The NVIDIA H200 Tensor Core GPU. Source: Nvidia

To maintain its leadership in AI and high-performance computing (HPC) hardware, Nvidia unveiled early last month its plans to speed up the development of new GPU architectures. The idea is to get back to its one-year cadence for product introductions, according to its roadmap published for investors and further explained by SemiAnalysis. “Nvidia’s move to annual updates on AI GPUs is very significant and has many ramifications,” the report by SemiAnalysis reads.

And the start of it all would be the H200, which Nvidia had unveiled yesterday, utilizing the Hopper architecture to accelerate AI applications. It’s a follow-up of the H100 GPU, released last year and previously Nvidia’s most powerful AI GPU chip.

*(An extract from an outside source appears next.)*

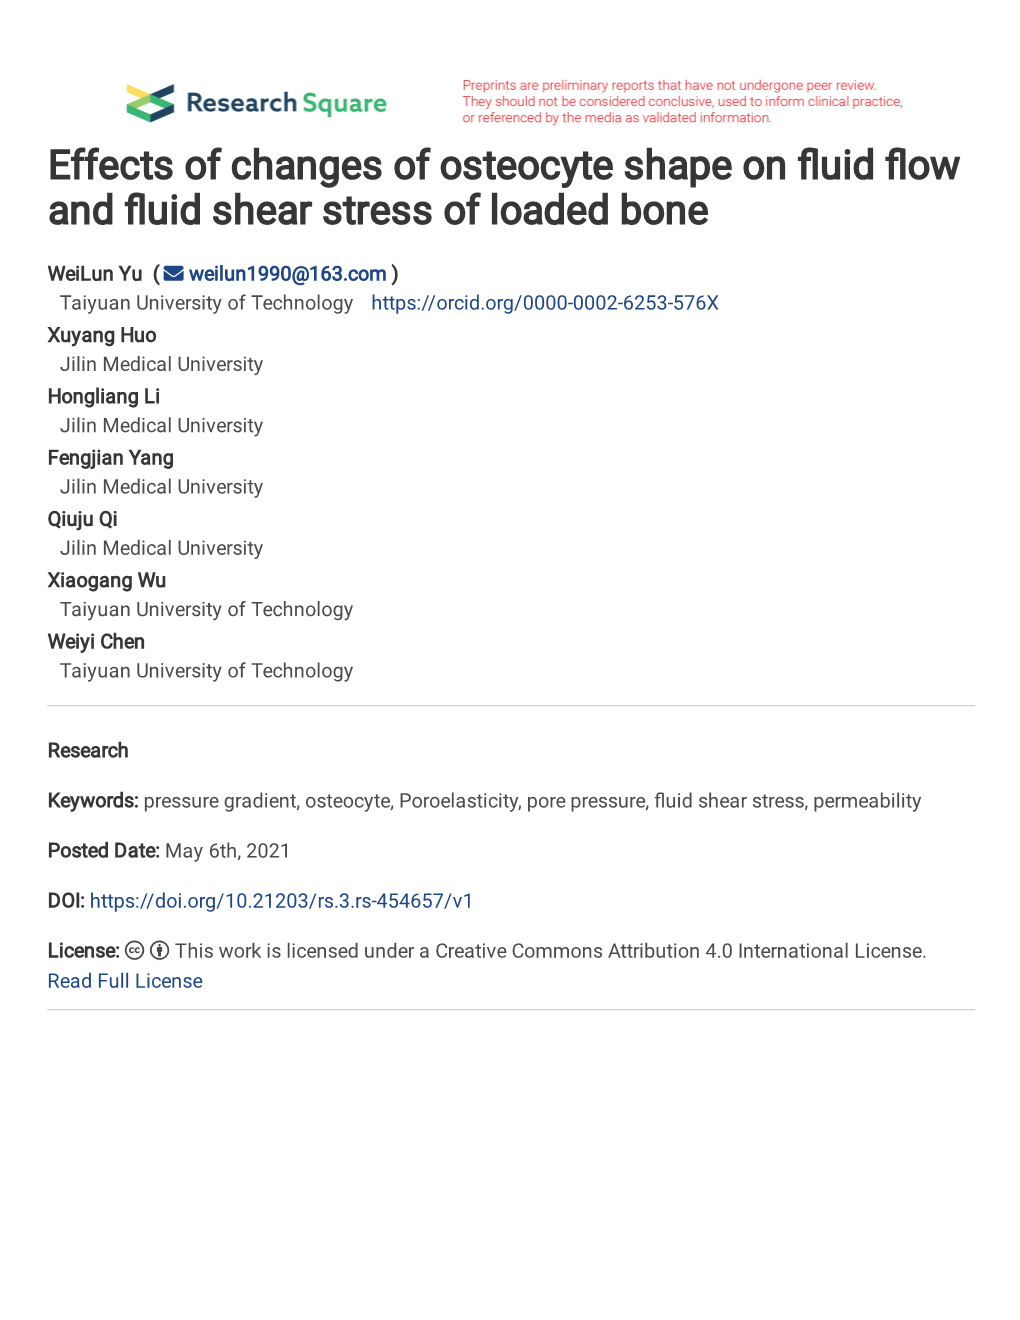 Effects of Changes of Osteocyte Shape on Fluid Flow and Fluid Shear Stress of Loaded Bone Yu Weilun1*; Huo Xuyang1*; Li Hongliang1; Yang Fengjian1; Qi Qiuju1; Wu

In short, the H200 is now the most powerful AI chip Nvidia has in its portfolio.

Ian Buck, vice president of hyperscale and HPC at Nvidia, reckons that “With Nvidia H200, the industry’s leading end-to-end AI supercomputing platform, just got faster to solve some of the world’s most important challenges.” Generally, GPUs excel in AI applications due to their ability to execute numerous parallel matrix multiplications, a crucial operation for the functioning of neural networks. 

They play a vital role in both the training phase of constructing an AI model and the subsequent “inference” stage, where users input data into the AI model, and it provides corresponding results. “To create intelligence with generative AI and HPC applications, vast amounts of data must be efficiently processed at high speed using large, fast GPU memory,” Buck noted.

Therefore, introducing H200 will lead to further performance leaps, including nearly doubling inference speed on Llama 2, a 70 billion-parameter LLM, compared to the H100. According to Nvidia, additional performance leadership and improvements with H200 are expected with future software updates.

Other details on Nvidia H200

TensorRT-LLM evaluation of the new H200 GPU achieves 11,819 tokens/s on Llama2-13B on a single GPU. H200 is up to 1.9x faster than H100. This performance is enabled by H200's larger, faster HBM3e memory. Source: X

TensorRT-LLM evaluation of the new H200 GPU achieves 11,819 tokens/s on Llama2-13B on a single GPU. H200 is up to 1.9x faster than H100. This performance is enabled by H200’s larger, faster HBM3e memory. Source: X

While the H200 seems mainly similar to the H100, the modifications to its memory represent a significant enhancement. The new GPU introduces an innovative and faster memory specification known as HBM3e. This elevates the GPU’s memory bandwidth to 4.8 terabytes per second, a notable increase from the H100’s 3.35 terabytes per second. It expands its total memory capacity to 141GB, up from the 80GB of its forerunner.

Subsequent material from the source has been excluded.